Now I would first note how prescient this is, given that the interview occurred in 1997. But what I mainly want to note here is the validation and promise I take for myself in this, being self taught as concerns philosophy. And this is not to blow my own horn or engage in the reverse snobbery of acting as if being self taught somehow gives me an advantage over formally trained pursuants of understanding. And I’ve thought a lot about this. My conclusion was that both have advantages. And keep in mind that, once I realized I had an interest in knowledge, not being formally trained was not a choice on my part. Being self taught tends to be more efficient as concerns the task at hand in that the individual is free to pursue knowledge relevant to their personal goal. Think here of Einstein’s relationship to mathematics in that he posed certain problems to himself and sought out the mathematics that were directly relevant –that is as compared to a university curriculum which forces you to learn a lot of mathematics that may or may not be relevant to what an individual wants do. But the other side of this is that you never know what knowledge you will need. And in this sense, a formal education has a decided advantage.

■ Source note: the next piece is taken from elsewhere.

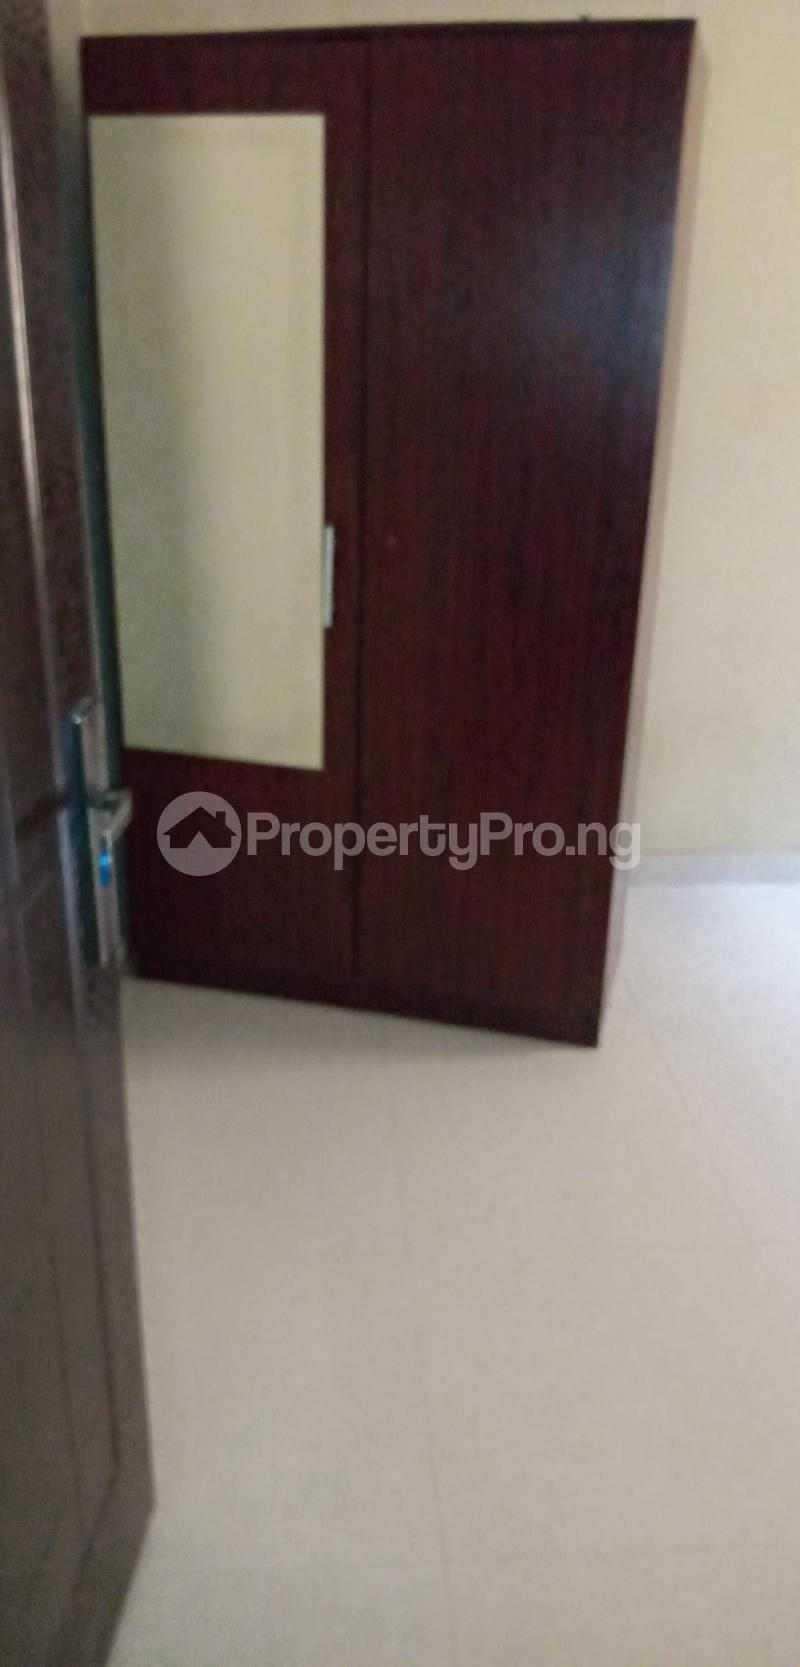 2 bedroom Flat / Apartment for rent Badore Ajah Lagos - 3

Plus that, things like philosophy, art, poetry, etc., are basically industries with corporate hierarchies that you have to work your way up like any other pursuit you might go into. It’s why most people you see getting published or finding success tend to have some kind of degree behind them. This is why, for instance, I have had to consolidate myself with the possibility that I will, for all my commitment to what I am doing (I’ve basically turned it into a religious practice), I will not likely achieve anything through the mainstream mechanisms.

But here’s where the coin flips back to me. As the mechanisms that Rorty describes kick in (as intellectuals distance themselves from the people via the corporate owned universities( it may well come down to self taught guys (and gals (like me to (through the resonance and seduction that cosmopolitan intellects can’t offer (to articulate the experiences of and mobilize those who feel alienated by all this. And I would note here the parallel with the possibility that as corporate funding and the tyranny of functional drives the humanities out of the universities, the humanities may well have to turn to workshops which will create access to our cultural pool for those of lesser means. We may well see the irony of the corporate culture creating its own worst enemy: an underground.